For each line in the data that includes "Detroit", make a copy.

**PROVIDED MATERIAL**:
*** Begin section ***

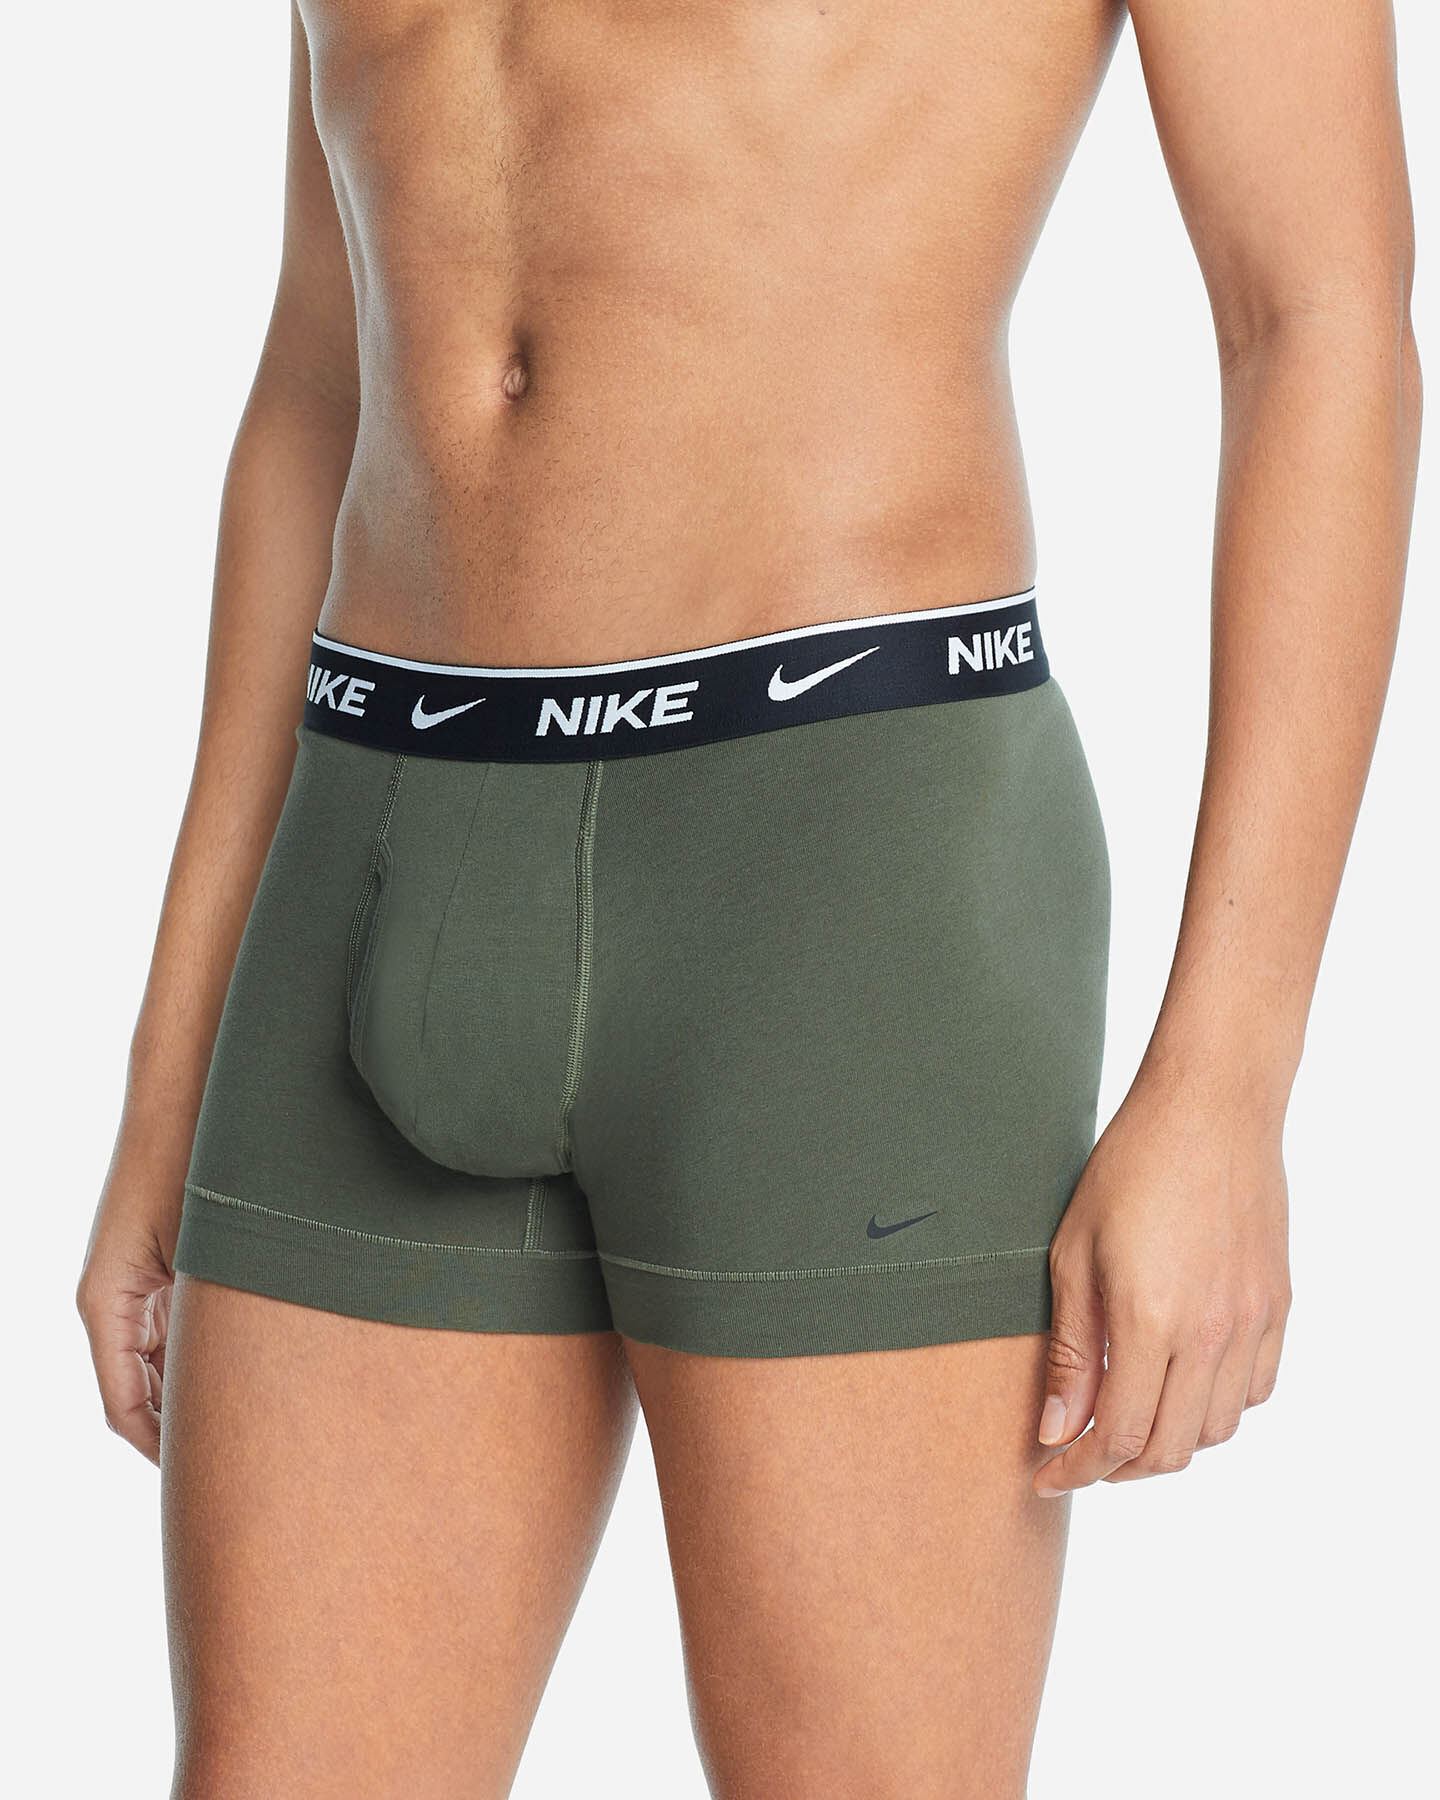  Intimo NIKE 2PACK BOXER EVERYDAY M S4099898|KUY|S scatto 2
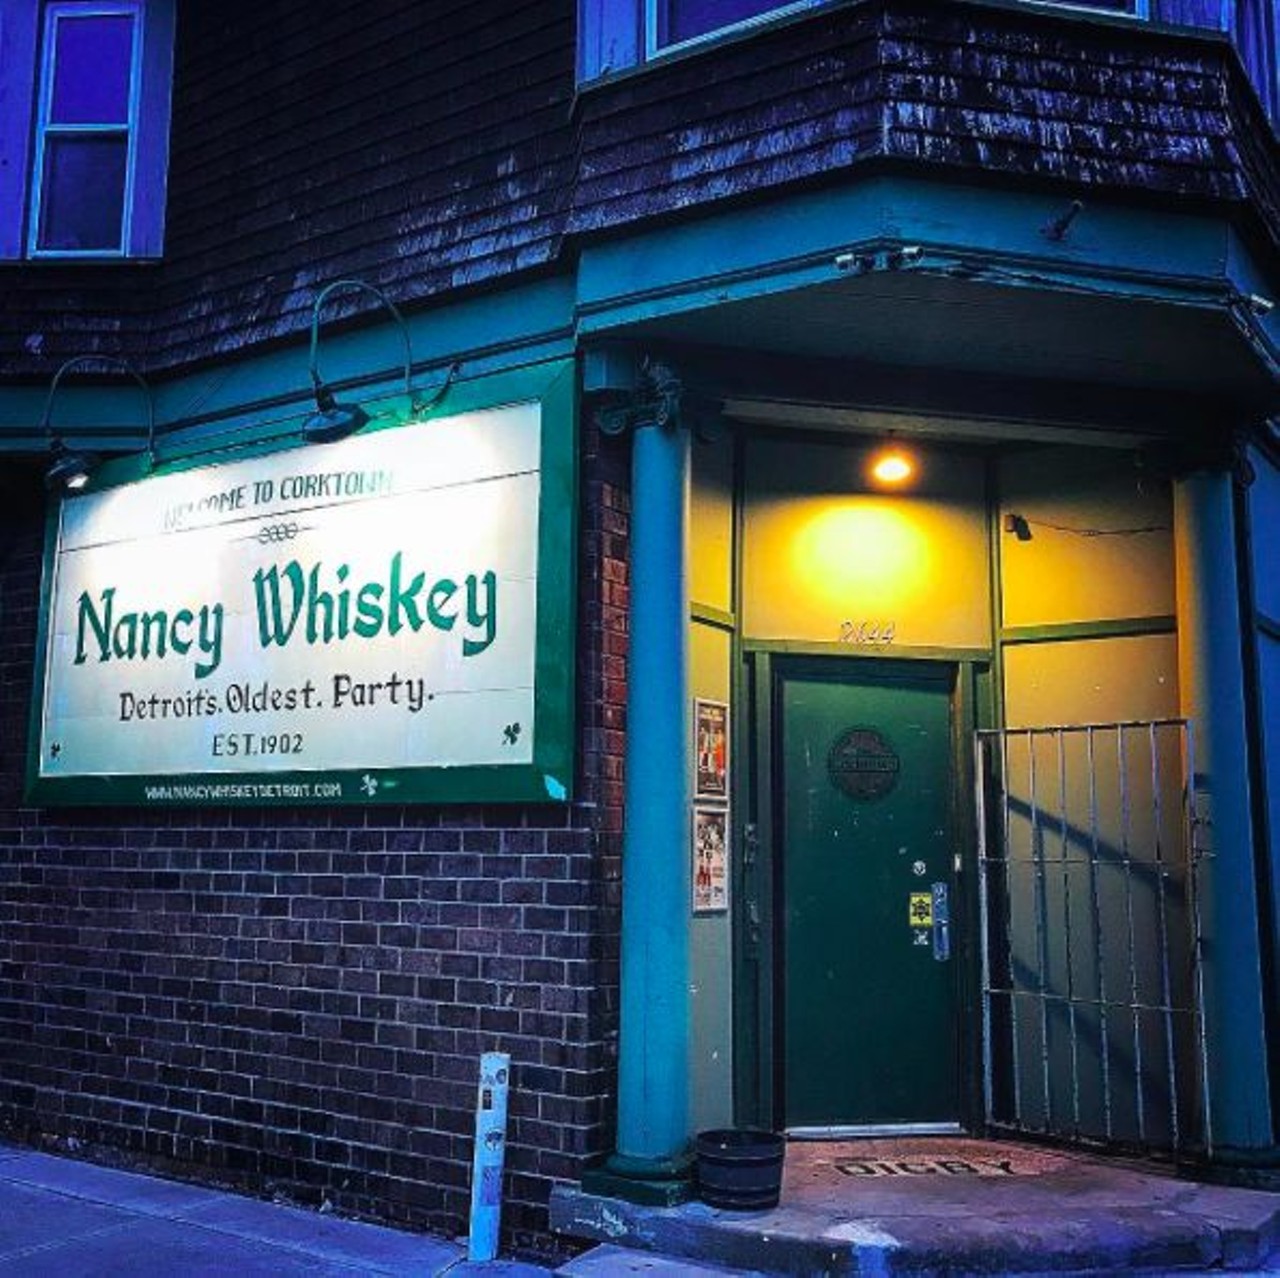 Nancy Whiskey Pub
2644 Harrison St., Detroit
It&#146;s true, this is the oldest party in Detroit. Standing 110 years, this Whiskey Pub features live music on weekends and Whiskey Wednesdays. Get down to this Corktown pub and enjoy a pint. Photo via @campiojr

*** End section ***

**YOUR RESPONSE**:
2644 Harrison St., Detroit
It&#146;s true, this is the oldest party in Detroit. Standing 110 years, this Whiskey Pub features live music on weekends and Whiskey Wednesdays. Get down to this Corktown pub and enjoy a pint. Photo via @campiojr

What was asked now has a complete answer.